Hello there. :) After much consideration, I decided to delete my old blog and start a new one. I got really sick of my old one, because most of the old entries on it were full of nonsense and despite rekindling old memories and crap, reading them years later made me cringe, seriously. Plus it's time to move on and start afresh!
I'm hoping to update this new one regularly, or at least try to.

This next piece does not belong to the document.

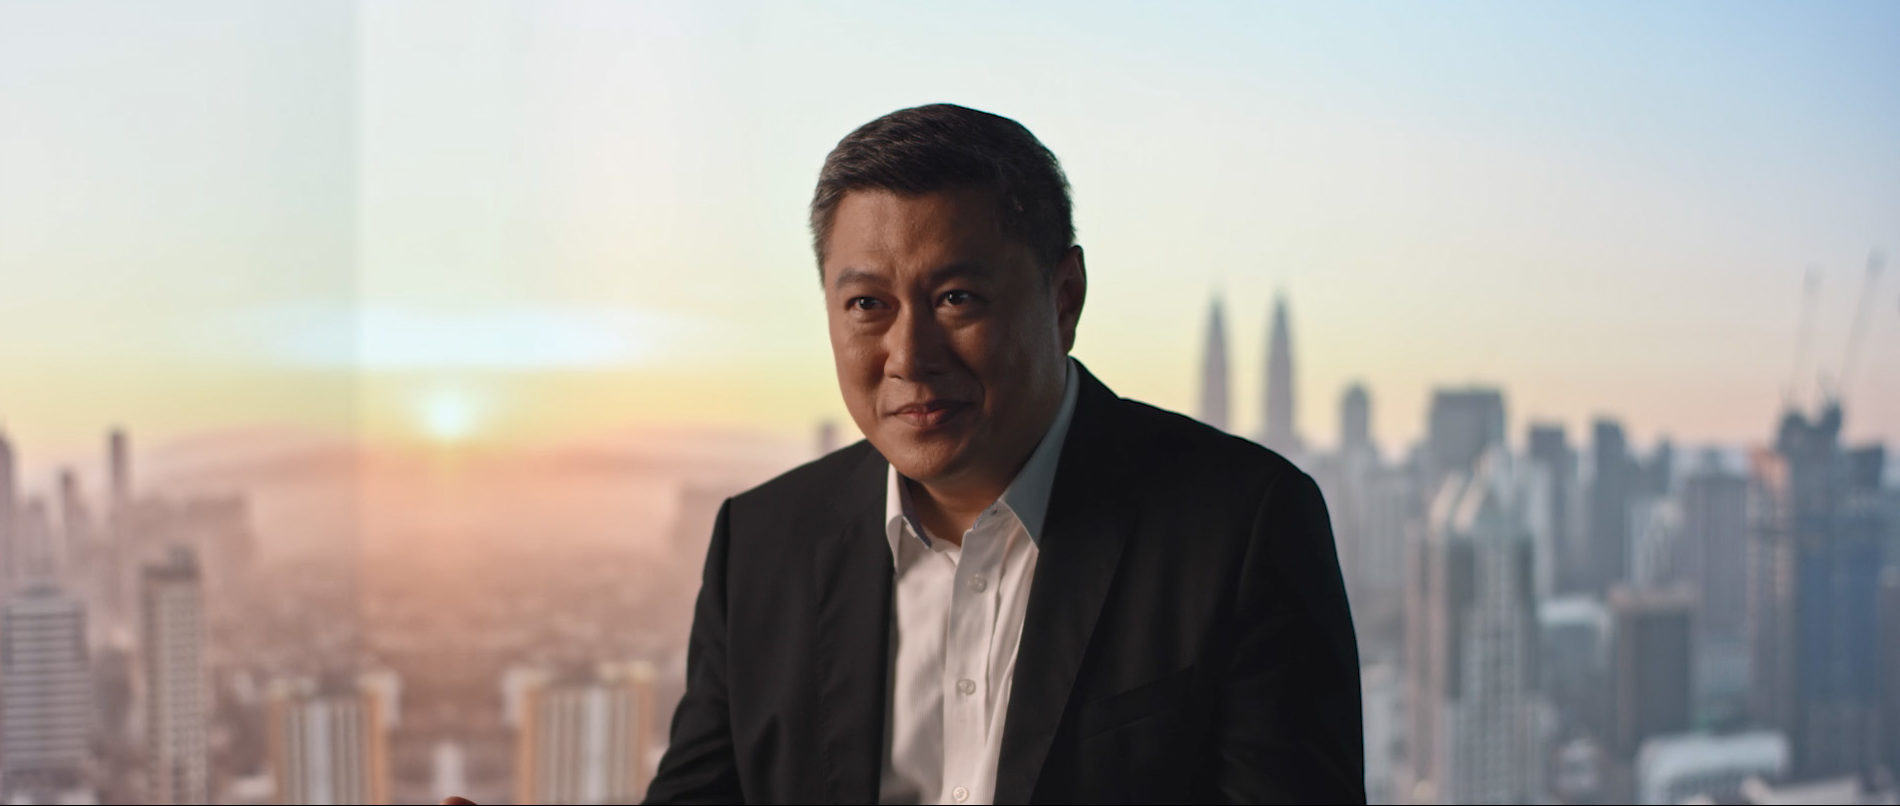 Fuji Foo, Certis’ Vice President of Business Digitalisation, believes incorporating AI into Certis’ and its customers’ operations will address labour shortages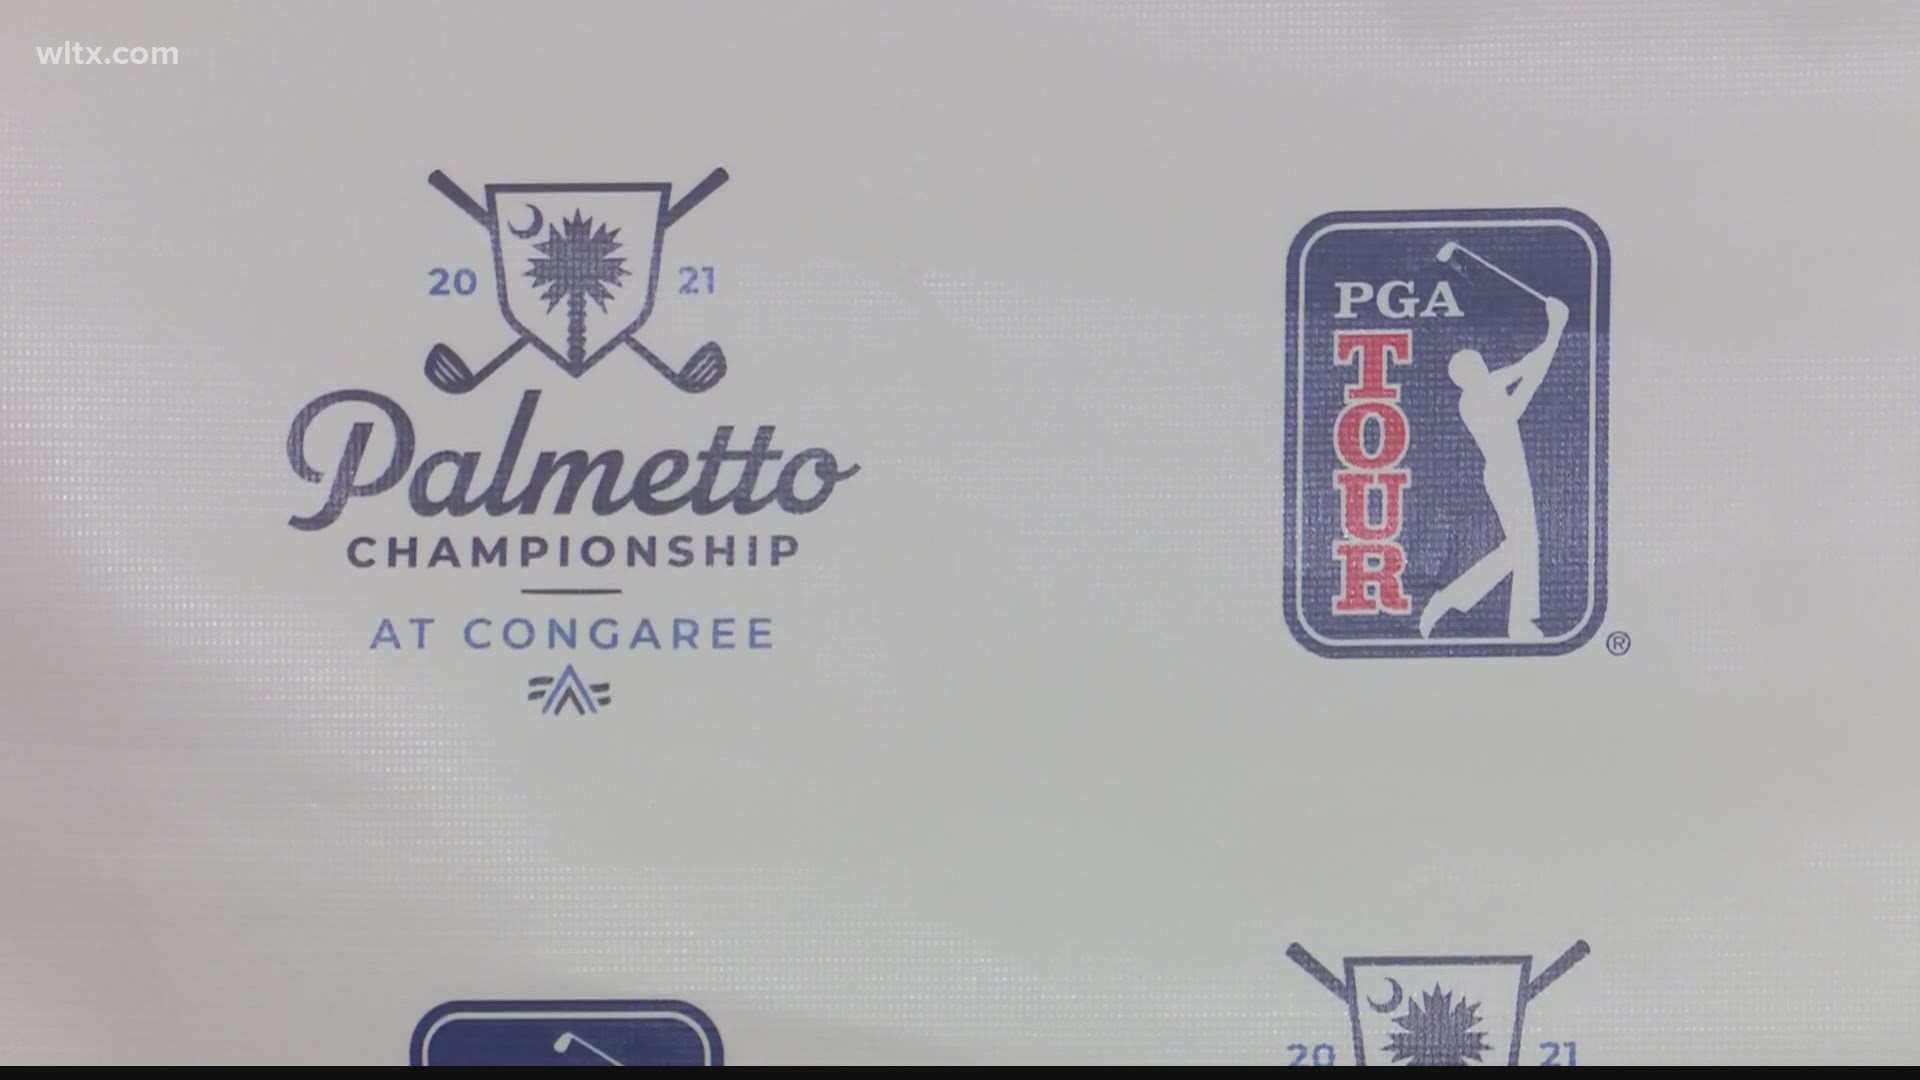 South Carolina Gov. Henry McMaster, alongside state tourism leaders, announced the Palmetto Championship at Congaree will be played in June.

So anyway. The end of last year (November and December) was really good for me. I stayed up every night, experimented here and there - totally harmless, I promise, met new people. New Year's was the best. Then came 2011. The beginning of this year was pretty nice. I thought it was, anyway. Then (insert unnecessary drama here) and then I got really emo and shit. Then something else came along, something so brief you could almost call it insignificant. Things weren't exactly alright, but they were good as long as I kept it in. I'd think, This is not right at all, I shouldn't feel this way because it's not even real anyway, but gradually I started loosening control over myself and thought What the hell. And just before I wanted to give in, shit happened and here I am. I guess I'm okay now, but a part of me is still left with mixed feelings. I want to forget and get a move on but at the same time I don't want to. Did he or did he not? I guess I'll just never know now. All I know is that it felt good at the time.
Right now I'm just bumming around. Feels like I'm neither here nor there. I want to do something crazy, I want to feel good again.
Instead of stuffing myself with food 24/7, I should just focus on studying since I haven't done shit and I pretty much screwed up my first term exam but I can't bring myself to do so. I've said this before, and it's starting to get annoying, but I NEED TO EXERCISE MORE WILLPOWER. Kiru inspires me, she really does. She can just sit down and study and ignore people around her. That's what I think she did anyway, while the whole bunch of us noisy people were in the library the other day. Did I mention she's my dealer? She unwillingly became my supplier. And no, I don't mean coke, I mean Panadol!
Oh my god. See how messed up my brain is now?